We have already prepared a database for you to query from

In [4]:
 # Create SQL Alchemy Engine
engine = sa.create_engine('sqlite:///database.db')

In [64]:
# Import data as pd.DataFrame
application_df = pd.read_csv(path + 'application.csv')
loan_df = pd.read_csv(path + 'loan.csv')
payment1_df = pd.read_csv(path + 'payment1.csv')
payment2_df = pd.read_csv(path + 'payment2.csv')

In [65]:
# Insert data from pd.DataFrame to SQL Alchemy Engine
application_df.to_sql(name='application', con=engine,if_exists='replace')
loan_df.to_sql(name='loan', con=engine,if_exists='replace')
payment1_df.to_sql(name='payment1', con=engine,if_exists='replace')
payment2_df.to_sql(name='payment2', con=engine,if_exists='replace')

17911

In [66]:
loan_df

Unnamed: 0.1,Unnamed: 0,loan_id,loan_amount,loan_duration,installment_amount,fund_transfer_ts,application_id
0,0,2.005021e+12,421632.0,5.0,113000.0,2021-10-28 02:53:53.512501+00:00,2.004027e+12
1,1,2.005021e+12,300000.0,3.0,118000.0,2021-04-10 15:20:20.480261+00:00,2.004026e+12
2,2,2.005021e+12,500000.0,6.0,113000.0,2021-02-23 08:27:53.192023+00:00,2.004026e+12
3,3,2.005021e+12,2500000.0,6.0,566000.0,2021-02-10 02:41:30.887286+00:00,2.004026e+12
4,4,2.005021e+12,500000.0,,196000.0,2021-02-14 01:57:11.613161+00:00,2.004026e+12
...,...,...,...,...,...,...,...
5228,5228,2.005021e+12,500000.0,5.0,140000.0,2021-07-09 03:17:44.062103+00:00,2.004026e+12
5229,5229,2.005021e+12,526895.0,3.0,201000.0,2021-11-11 09:09:24.693283+00:00,2.004028e+12
5230,5230,2.005021e+12,263737.0,3.0,101000.0,2021-11-15 04:27:13.157537+00:00,2.004028e+12
5231,5231,2.005022e+12,700000.0,4.0,217000.0,2022-01-16 02:57:49.484083+00:00,2.004027e+12


In [7]:
def query_from_db(sql_long_string, engine):
    """
    Execute SQL Statement and return the queried data as a pandas.DataFrame object

    :param sql_long_string: SQL statement
    :param engine: SQL Alchemy engine
    """
    statement = engine.execute(sql_long_string)
    df = pd.DataFrame(statement.fetchall())
    df.columns = statement.keys()
    return df

### Assignment 1 - Data Preparation and Cleaning

Please do all these tasks in SQL query.

1. Combine all the tables into a single dataframe.
2. Do you notice anything suspicious with the dataframe? If yes, please do a preliminary analysis and fix it. Explain what you found and how you fix it.
3. Do you see any outliers? Explain how do you detect the outlier and how you fix it.
4. Provide your assumptions on the data.

### Assignment 2 - Label analysis

Please do all these analysis in SQL query.
1. We don't want to give credit to `bad` customers (customers that don't pay at all). Can you define what a `bad` customers is from the dataset provided and what is the earliest indicator to say that a customer is `bad`?
2. Based on the label that you defined, what kind of trends do you see in the data that distinguish good and bad customers?
3. Arrange customers by “loan amount” in ascending order and provide cumulative default rates by equal-sized deciles. Each decile should have:
> a. Number of loans <br>
> b. Number of defaulted loans <br>
> c. The default rate for each decile <br>
> d. Cumulative default rate <br>
> e. Min, max, avg “loan amount” <br>

### Assignment 3 - Feature Engineering

Based on your findings in Assignment 2, please create features using SQL that you think could be predictive for a machine learning model.
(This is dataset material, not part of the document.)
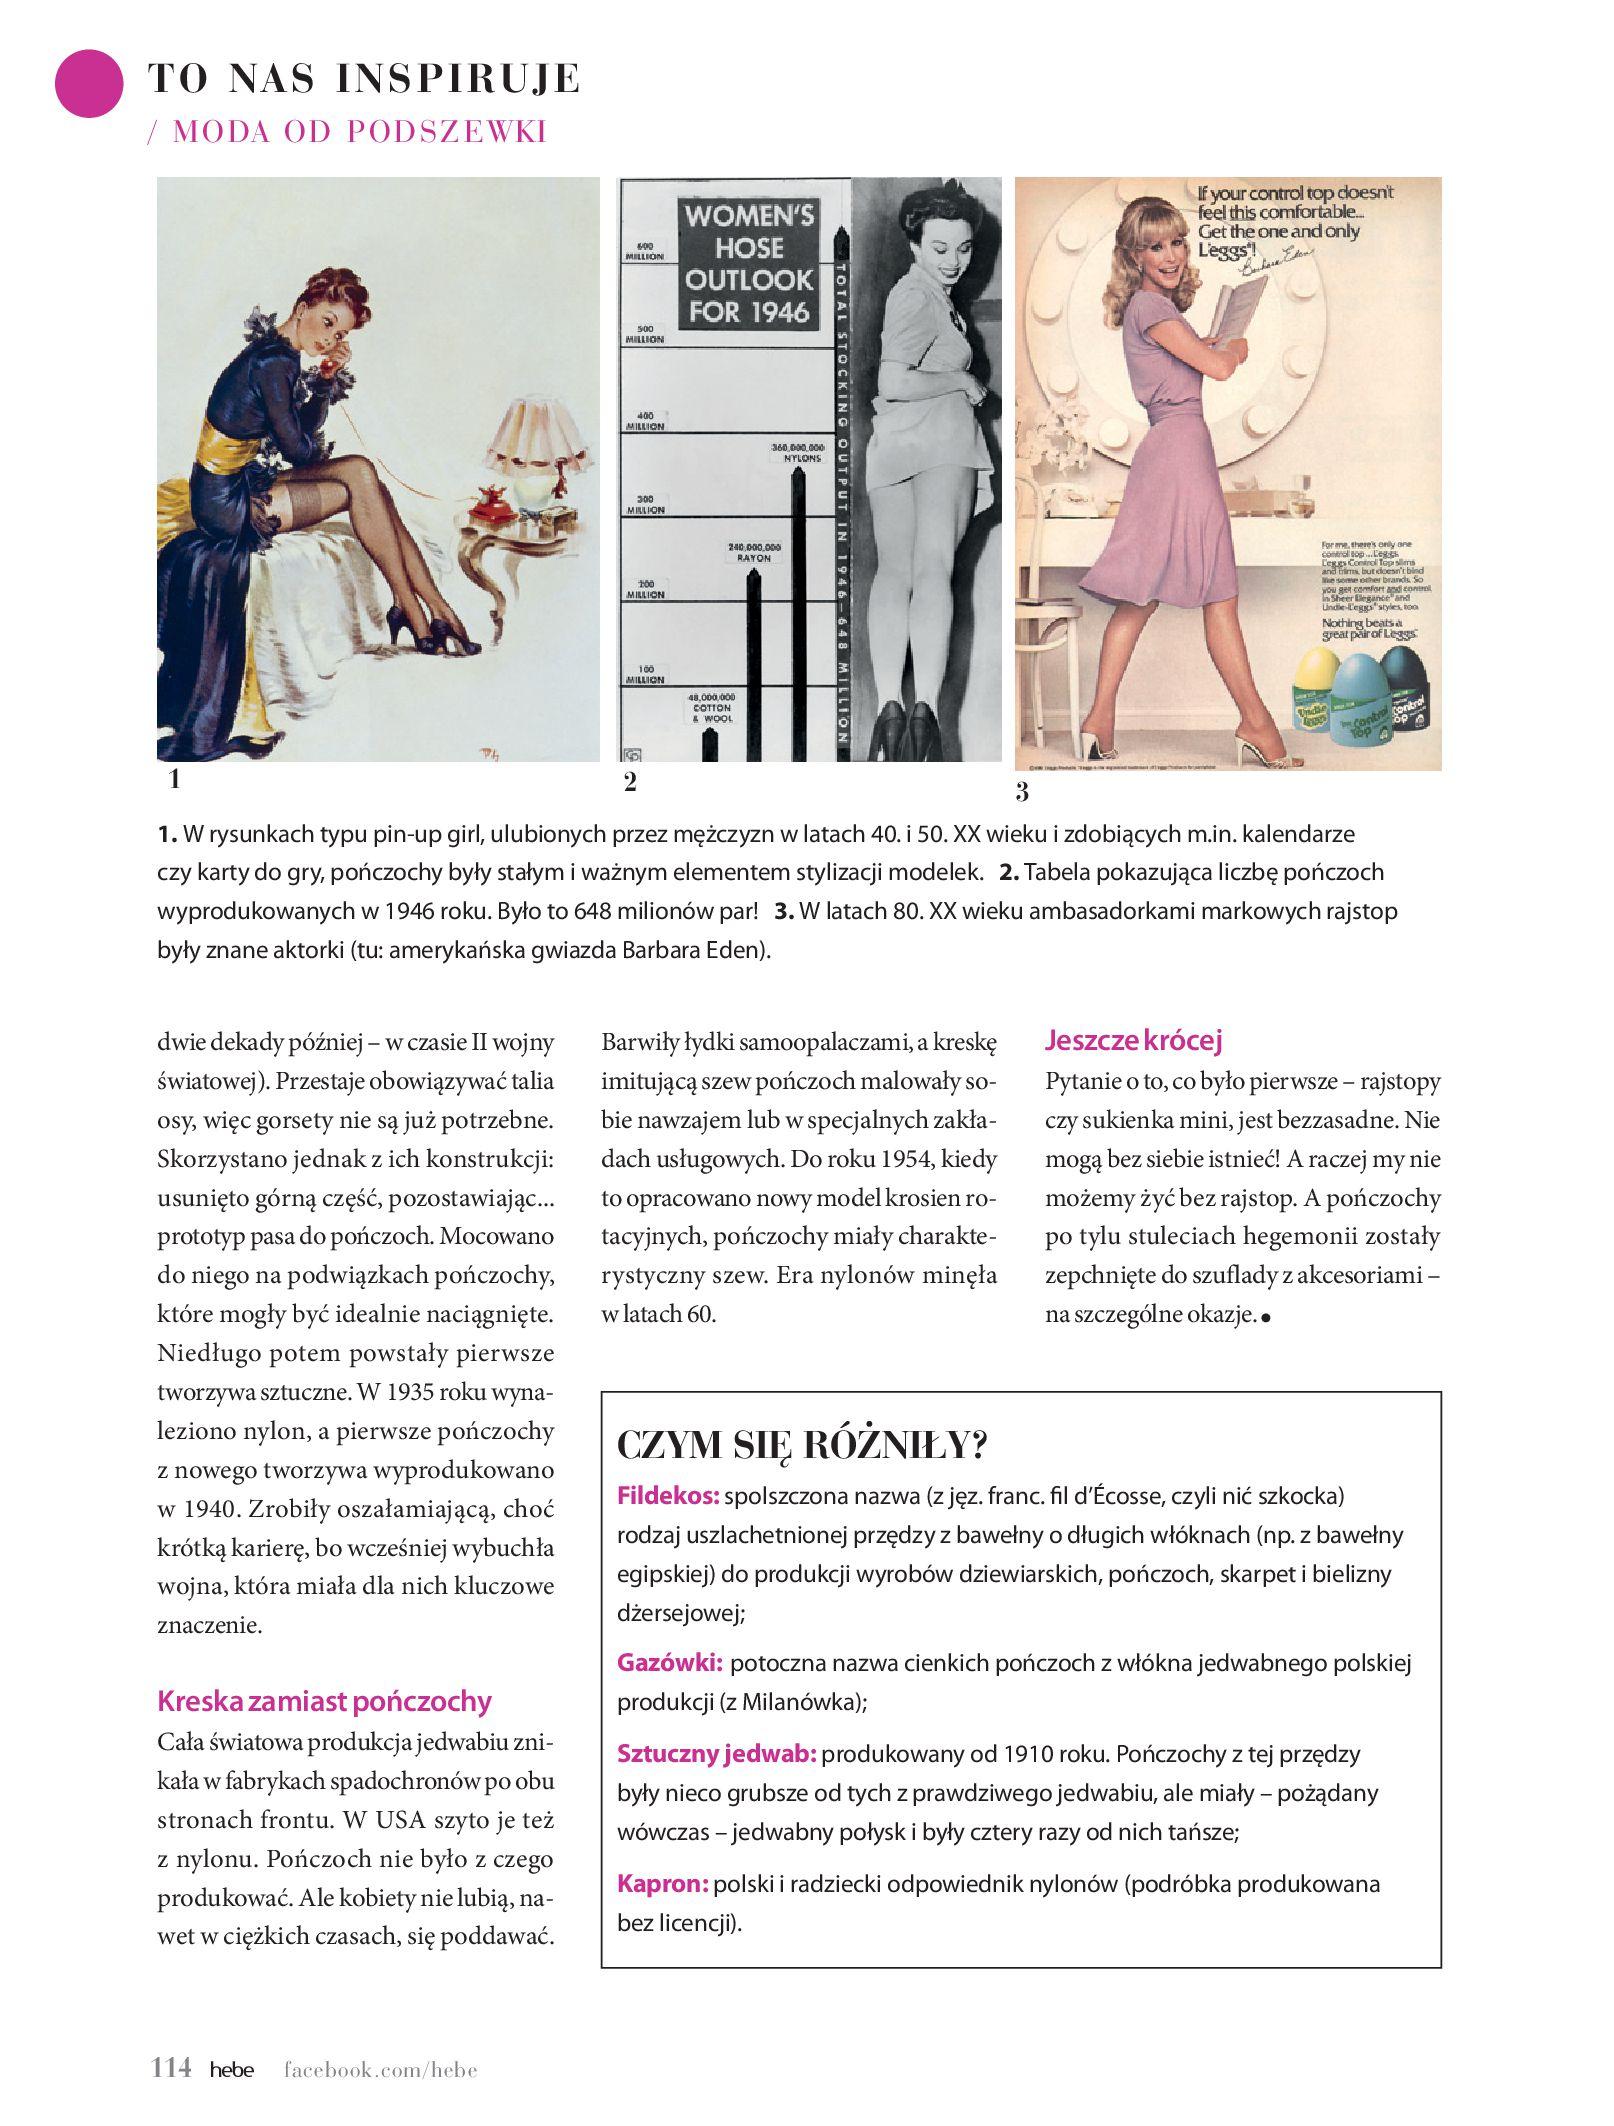 Gazetka hebe: Magazyn hebe - TURBO nawilżanie po urlopie 2021-09-01 page-114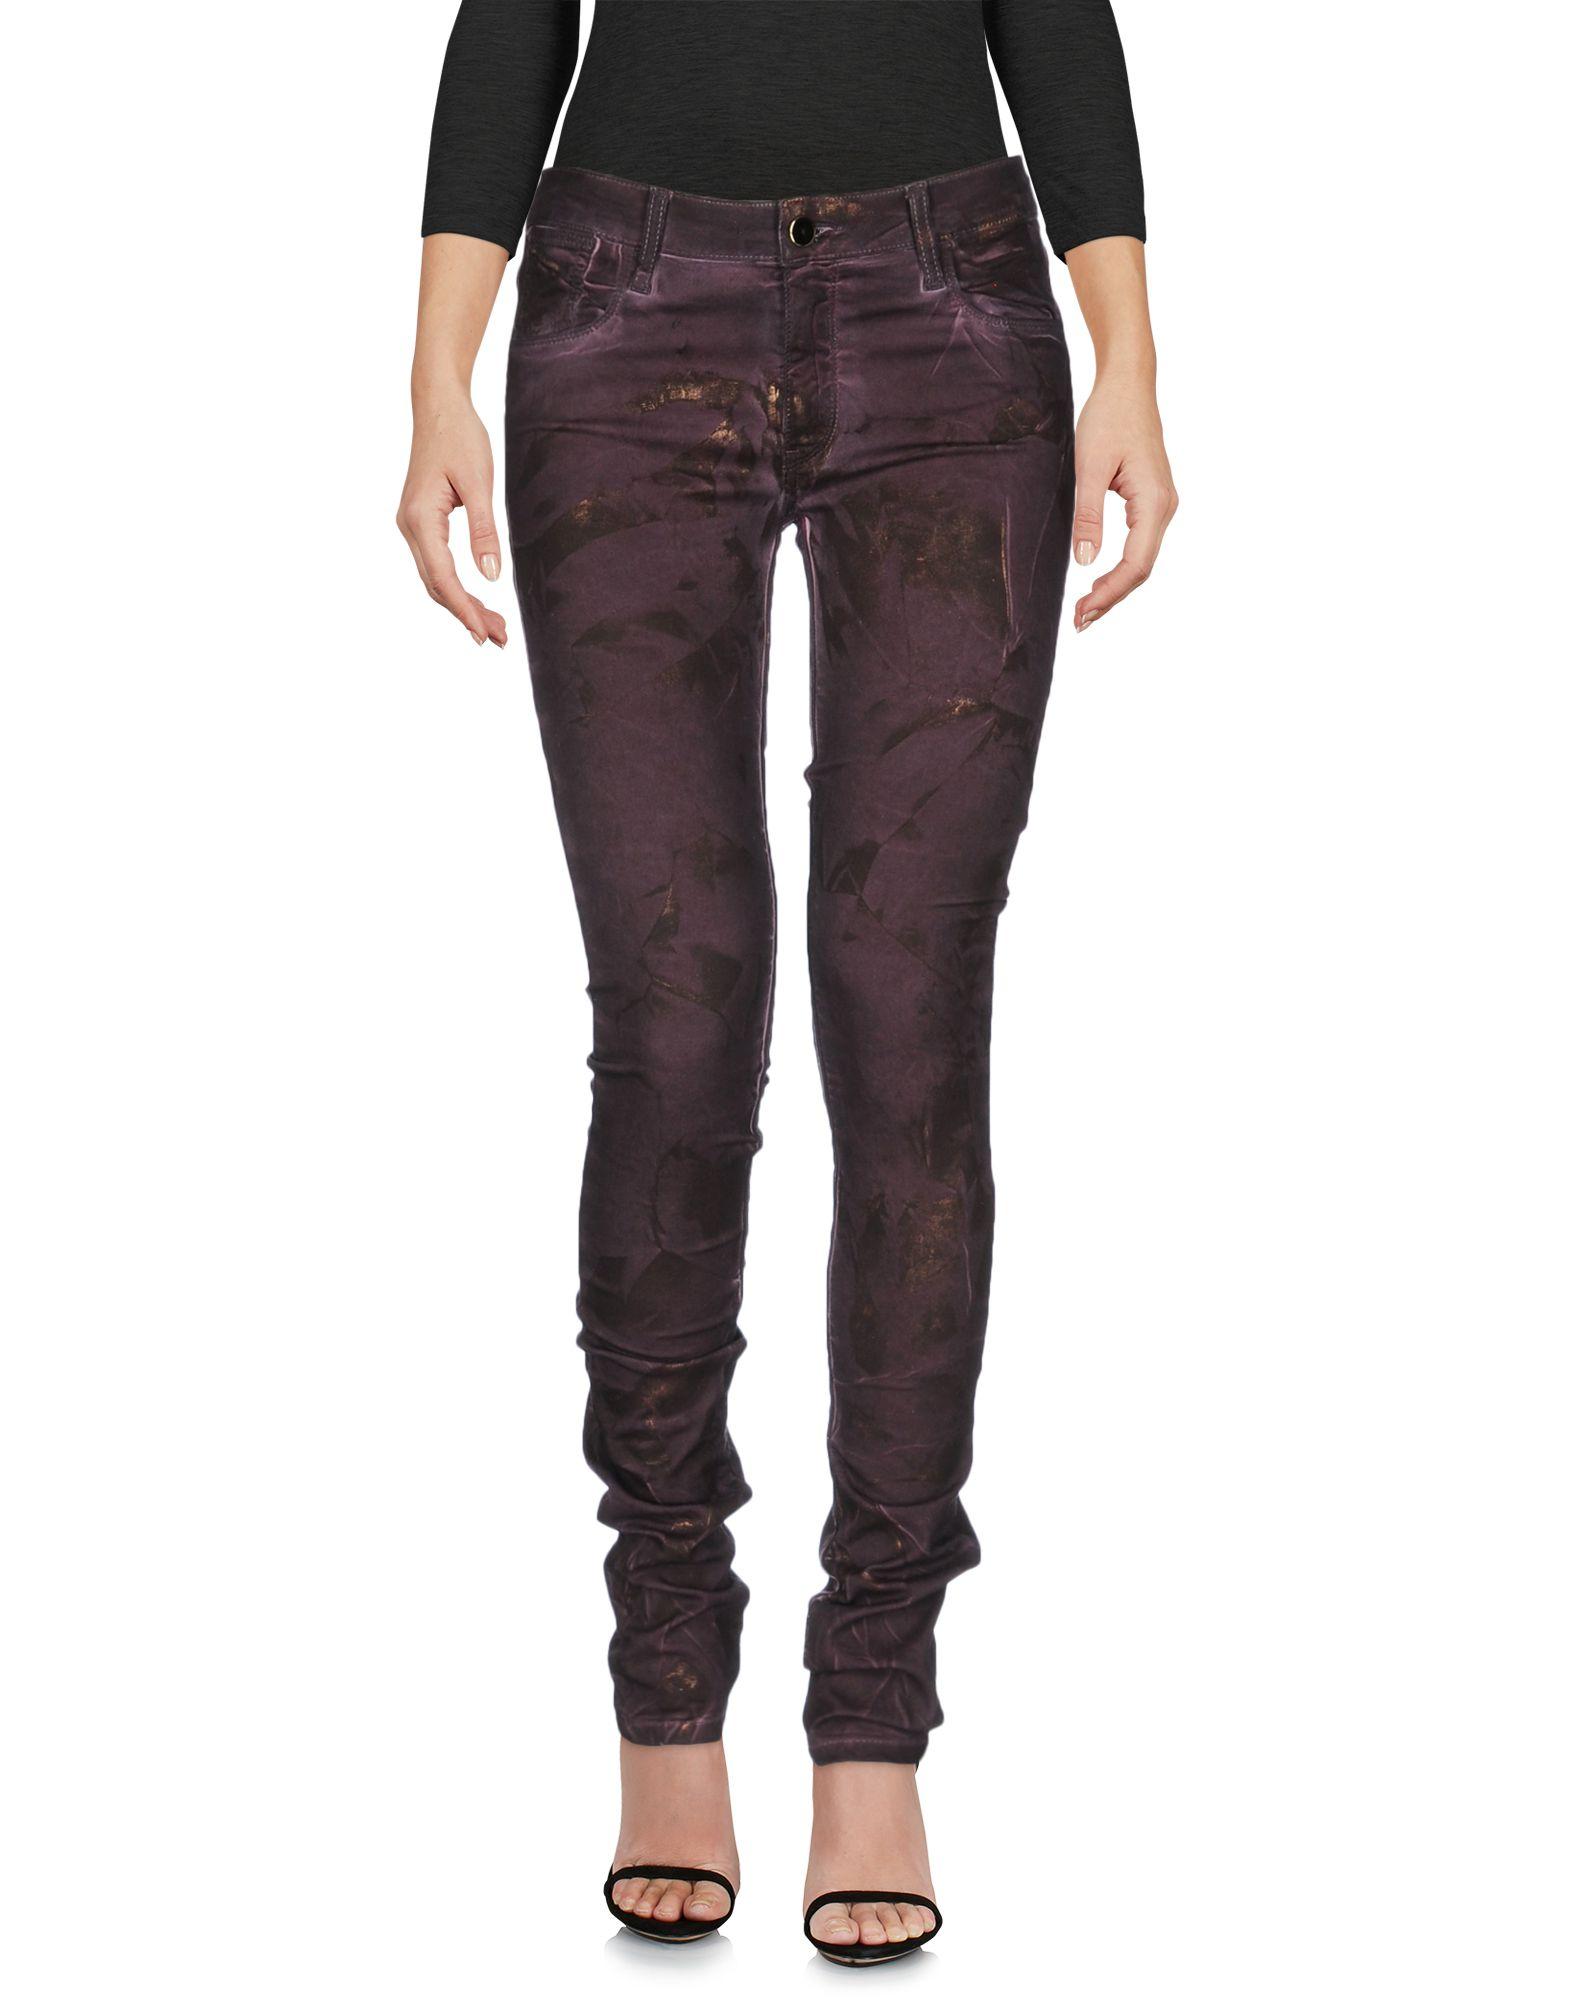 цены на AARCC Джинсовые брюки в интернет-магазинах

### Assignment 4 - Data Visualization
Using the features you engineered in Assignment 3, could you visualize the data to show a business user that your features are useful?

### Assignment 5 - Modeling

1. Please build model(s) using the label and features that you have developed.
2. Which metrics do you use? and why? 
3. Explain why your model can be considered as good enough.
4. How can the business use the model?
5. Could you provide which customers/loan we should avoid? Why?
6. If the business would like to achieve 2% cumulative default rate, which loans should we accept?
7. What are the characteristics of a defaulter, and how important are they?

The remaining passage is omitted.